A few days away from the big meeting… A unique cocktail of hurry and apprehension.
I can’t wait to meet her… if you only knew. I’m counting the days.
At the same time, I’m really scared of this day which seems to me to be a real challenge. As someone who has never had surgery, who is never sick (I touch wood!), who has never been really medicalized, I am very apprehensive about this day.
It’s a 50-50. Looking forward to it. But really not in a hurry to be there at the same time.
On the other hand, I 100% can’t wait to get to the “right after”. The moment when the time for the C-section will have passed, when I will have my little marvel against me, and when it will all be over. I will have done it. I would have given birth to my baby in warrior mode, completely at the opposite end of what I visualized in my idea of the perfect delivery. I would have learned to accept. Accept that when it comes to motherhood, you cannot control anything anyway.
Each pregnancy and each delivery is unique. We all have our stuff. Nothing is predictable. So we might as well just let go. A great first lesson in my journey to my new role as a mom. comes to motherhood, you can never control anything anyway.

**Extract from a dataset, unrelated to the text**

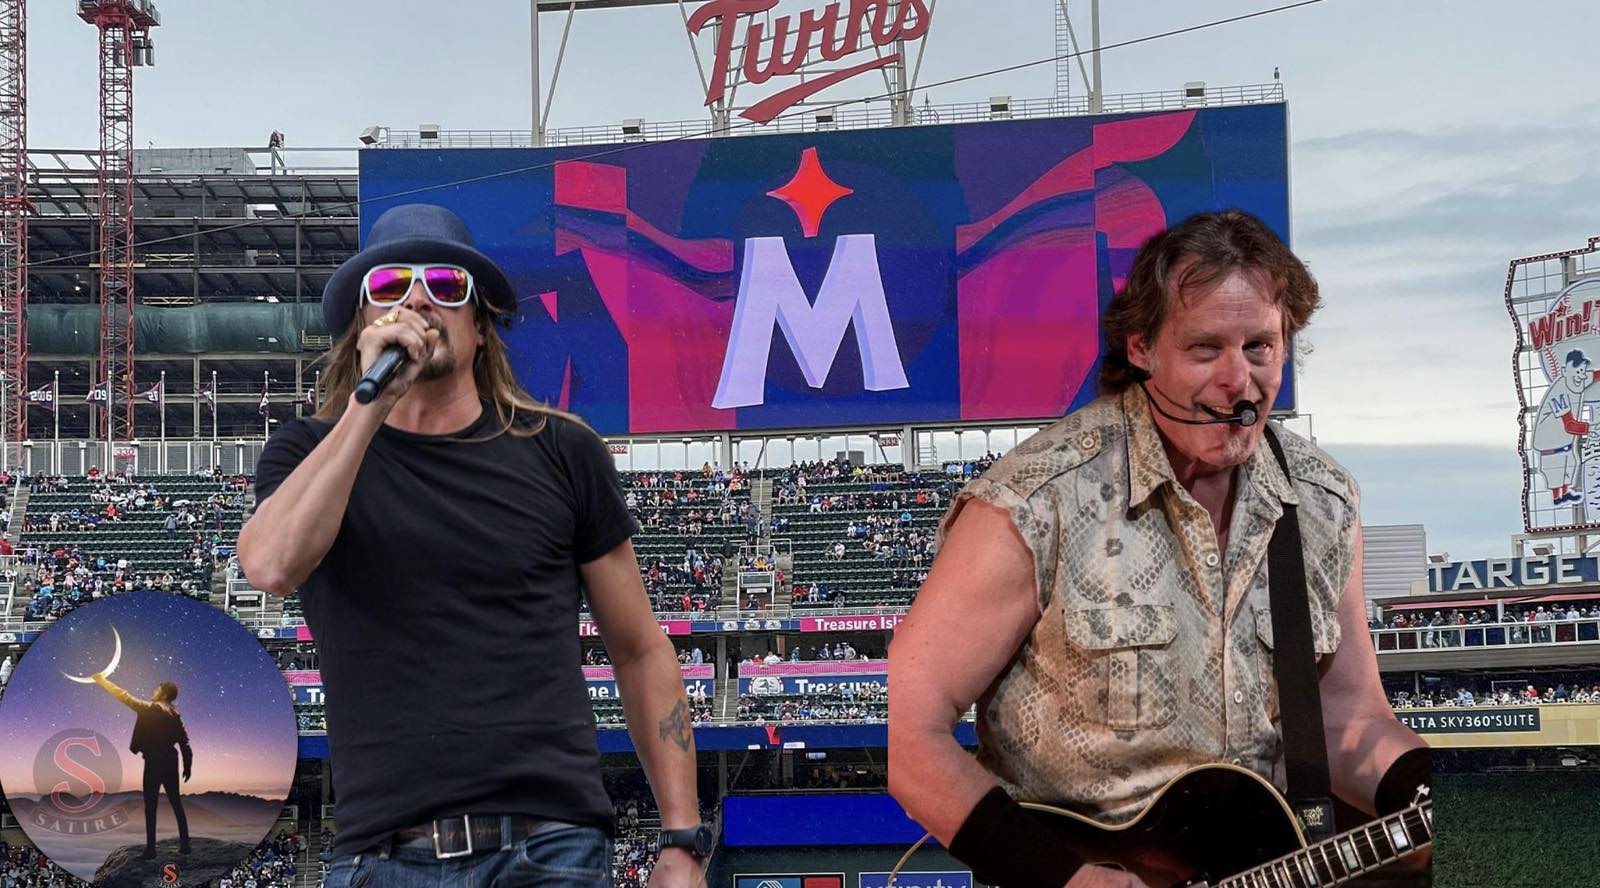 Ted Nugent and Kid Rock Join Forces for a Raw and Honest Variety Show: “No Fluff, No Fiction”

I try not to think too much about the second wave of Covid… for the moment, the restrictions for dad to attend have not changed. I hope with all my heart that this will remain the case and that Simon can be by my side on this special day. So magical. So scary at the same time.
I also try to put aside as much as possible my fears, which were only fed by Google and make no sense. The doctors have been clear: everything is fine, everything will be fine. I repeat this to myself 100 times a day. I meditate. I talk about it, I verbalize.
I also try not to focus on that Covid that prevented me from seeing my family and friends pregnant. I am so close to my parents… if someone had told me this a few years ago, I wouldn’t have believed it. I try not to think too much about the after-birth, the confinement… I hope that they will soon be able to come and meet their little granddaughter.
I wrote my birth plan for the hospital. A cesarean section, I have now understood, can also be a magical moment, if everything goes well. I’m going to do the maximum, to go and find the resources in my whole being to be STRONG that day, zen, relaxed, and maximize the chances that everything will go well. In a calm environment. In control. As I was throughout my pregnancy. Calm and Zen. For me, and also for my baby. I didn’t want her to feel my fears, my stress. And apart from a couple of crying outbursts, I can say it today, I’m really proud of myself: I’ve mega-managed!
I realize how fortunate I am to have a chance to plan for my delivery that not all women have. Somehow, I am lucky to have been able to prepare myself. To avoid the stress of the emergency. Indeed, you are never safe from an emergency C-section, which can be more traumatic. I also realize how lucky I am to have had such a beautiful pregnancy, a healthy baby, and to have become pregnant so easily.
And who knows… maybe I’ll write soon an article to tell you about the day of the birth, of my sweet cesarean section, which went so well. I sincerely hope so! Answer in a few days. And in the meantime, I visualize my happiness to have my little girl against me, skin to skin, and I CAN’T WAIT.
Thanks for reading my pregnancy story, and see you soon for new adventures… as a little family :).